AVAILABLE DATA:
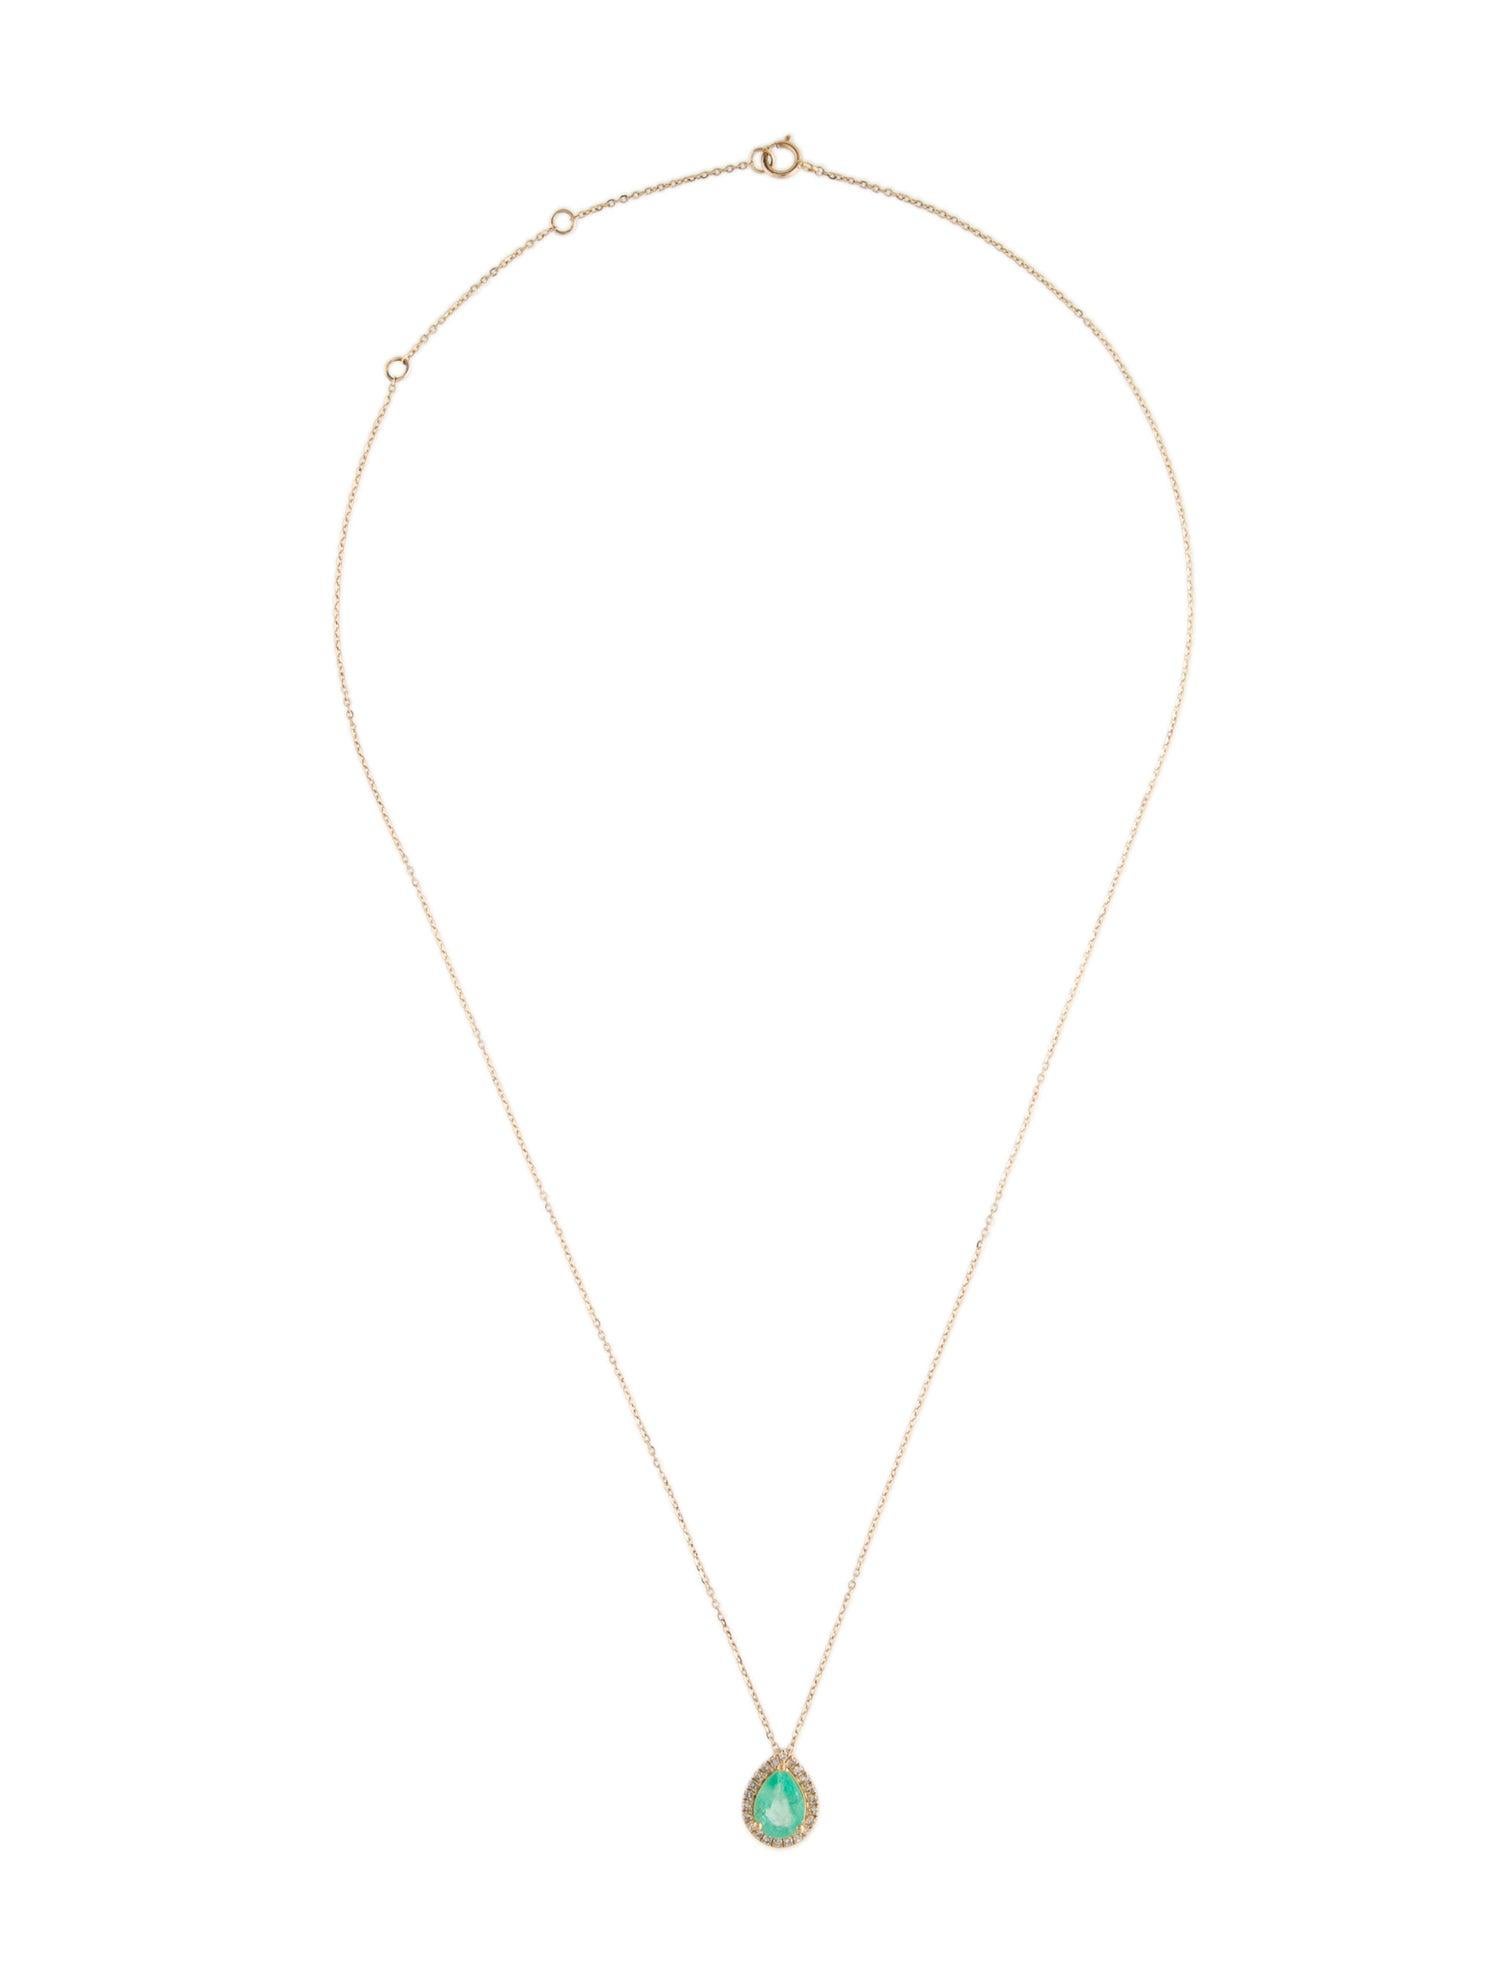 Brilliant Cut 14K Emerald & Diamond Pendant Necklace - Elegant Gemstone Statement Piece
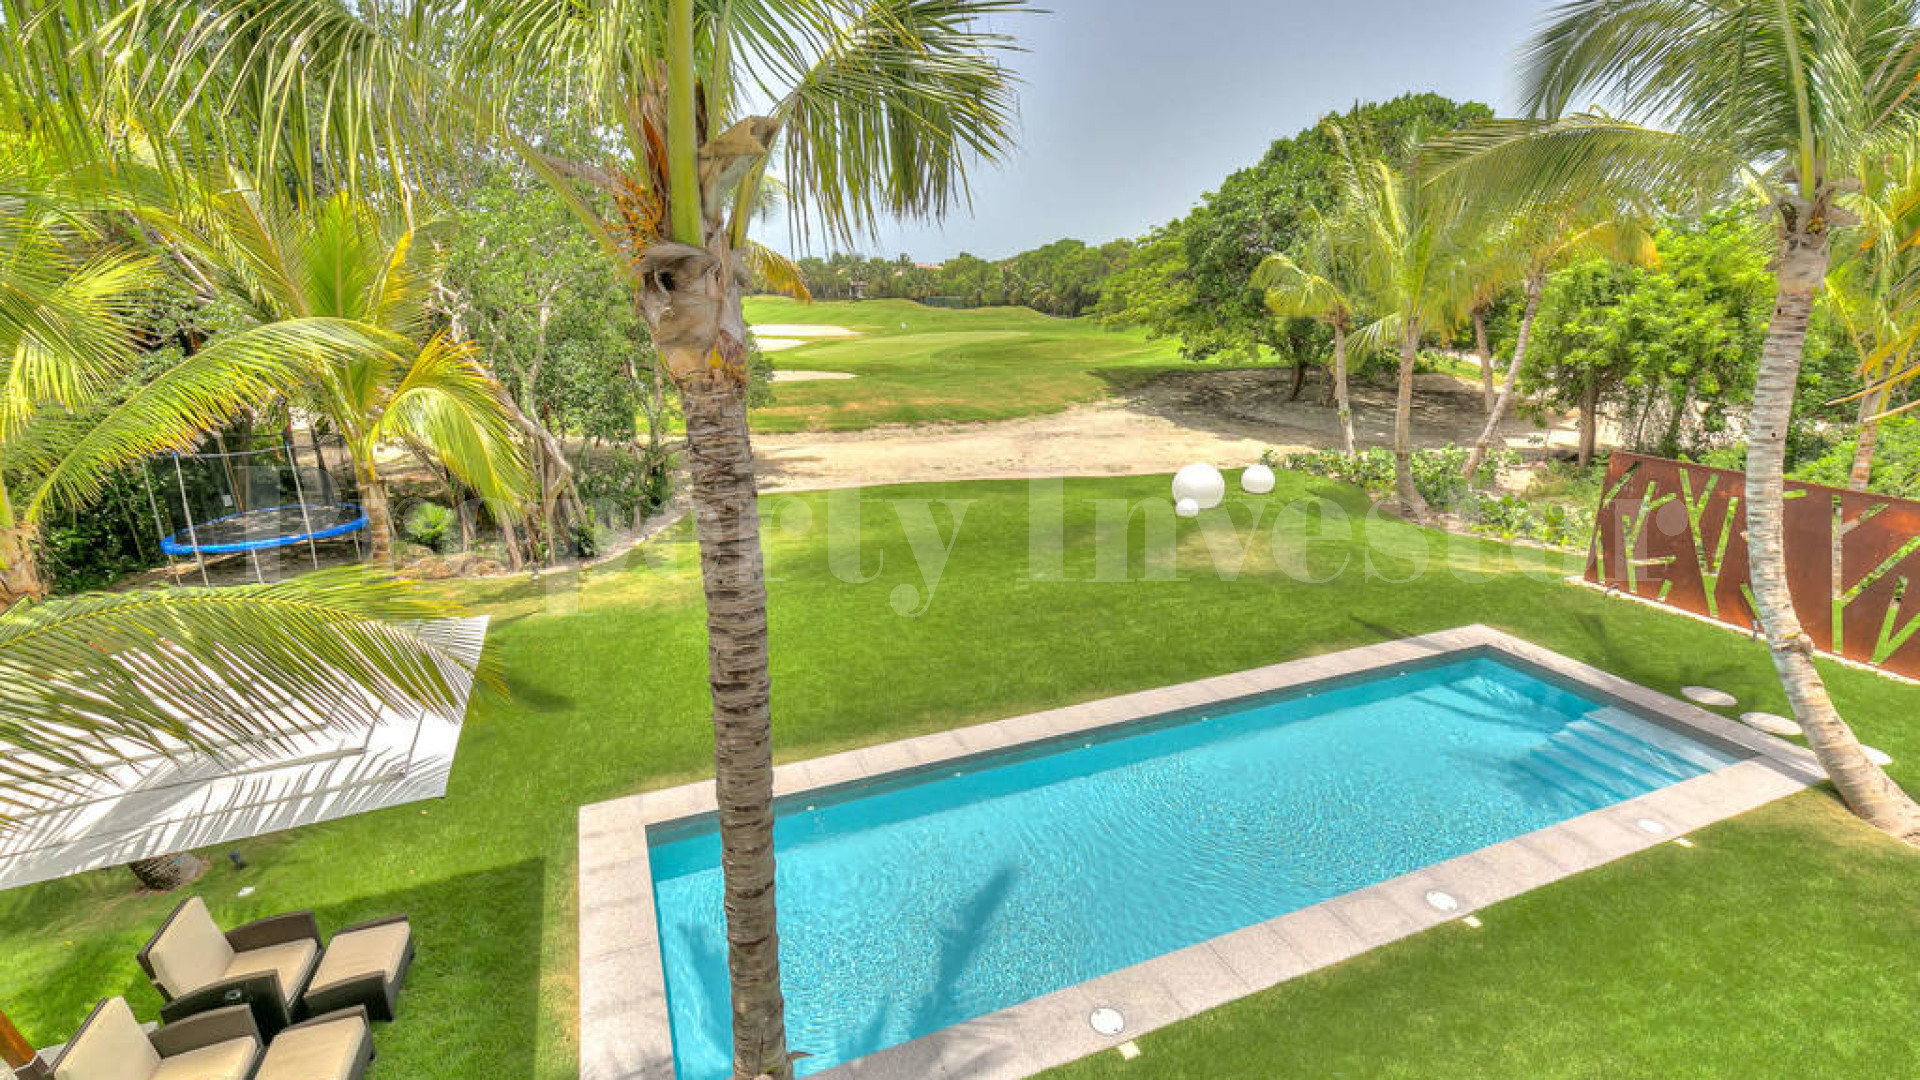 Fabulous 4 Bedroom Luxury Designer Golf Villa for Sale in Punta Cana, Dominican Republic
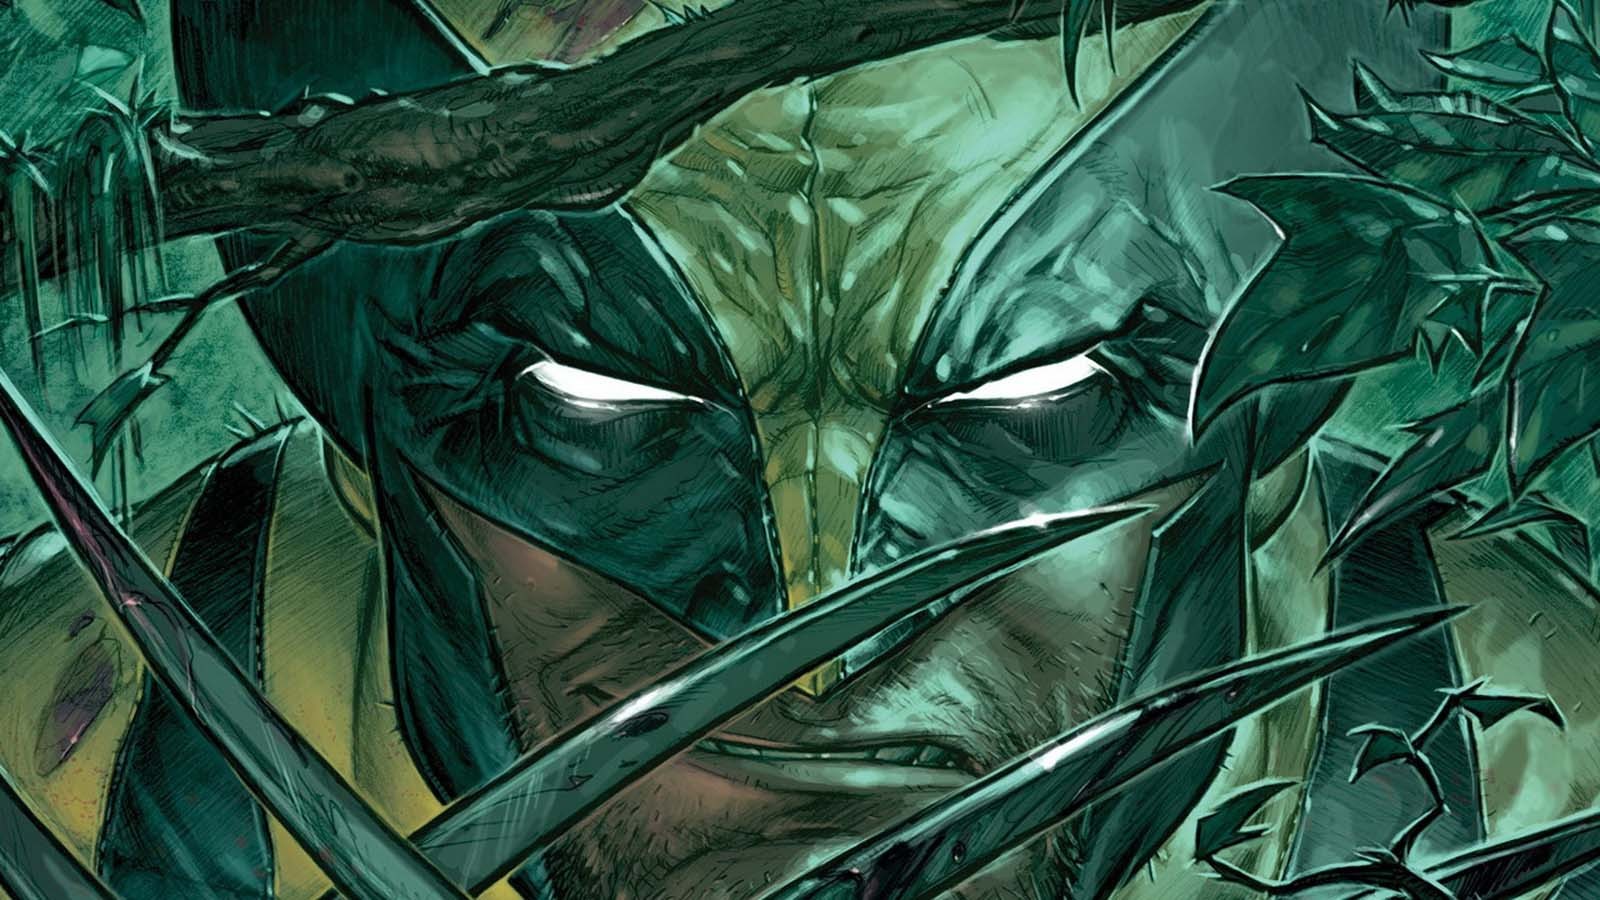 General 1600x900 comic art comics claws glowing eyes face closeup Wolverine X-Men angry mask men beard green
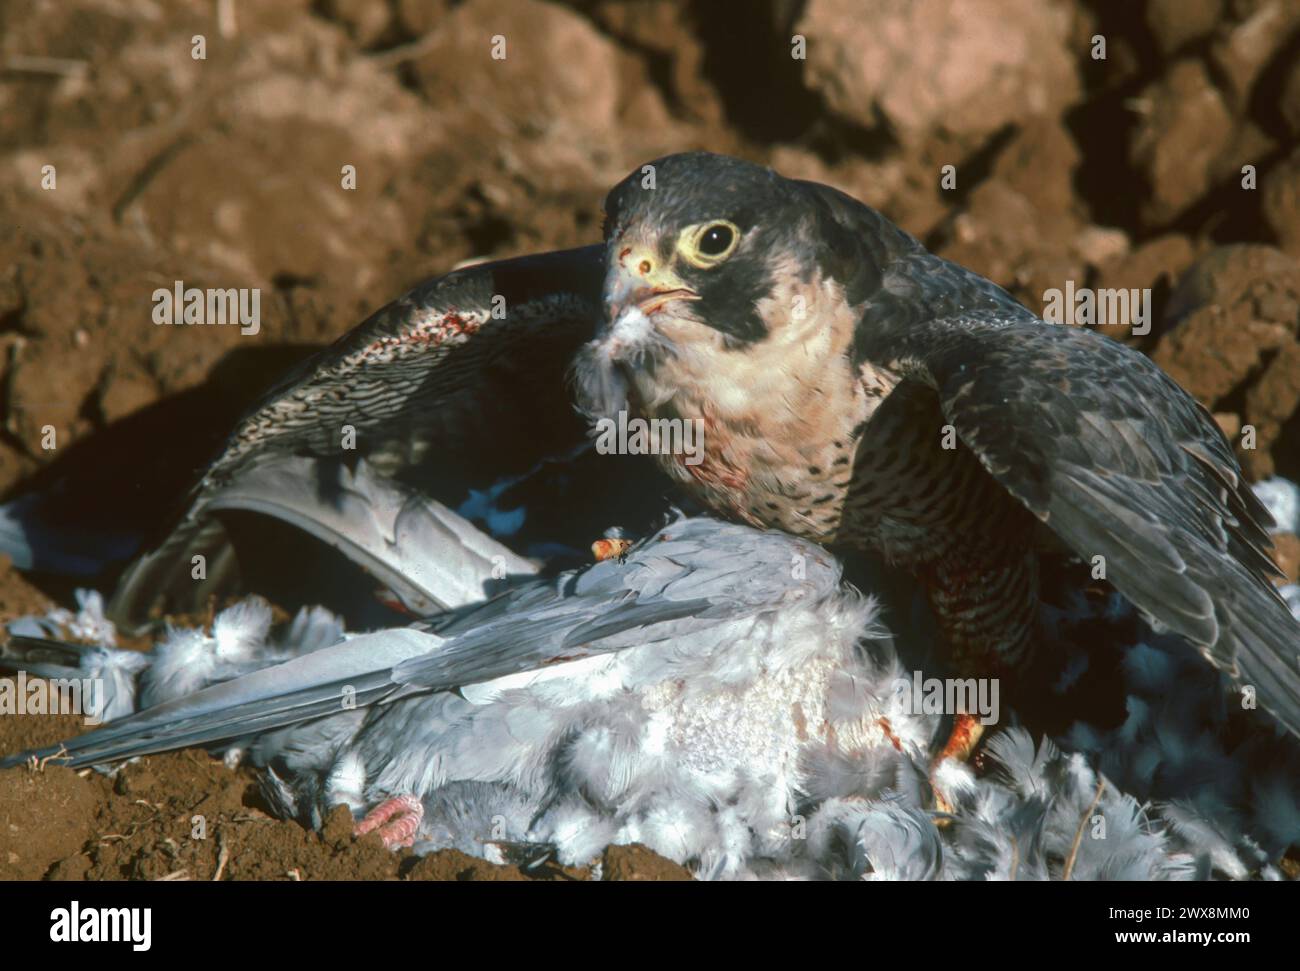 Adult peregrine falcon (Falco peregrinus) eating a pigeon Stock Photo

REQUIRED ACTION:
Without changing a word, retype the data above and omit its pictures.

EXERCISE SOLUTION:
 Brilliant Cut 14K Emerald & Diamond Pendant Necklace - Elegant Gemstone Statement Piece
 Fabulous 4 Bedroom Luxury Designer Golf Villa for Sale in Punta Cana, Dominican Republic
 General 1600x900 comic art comics claws glowing eyes face closeup Wolverine X-Men angry mask men beard green
 Adult peregrine falcon (Falco peregrinus) eating a pigeon Stock Photo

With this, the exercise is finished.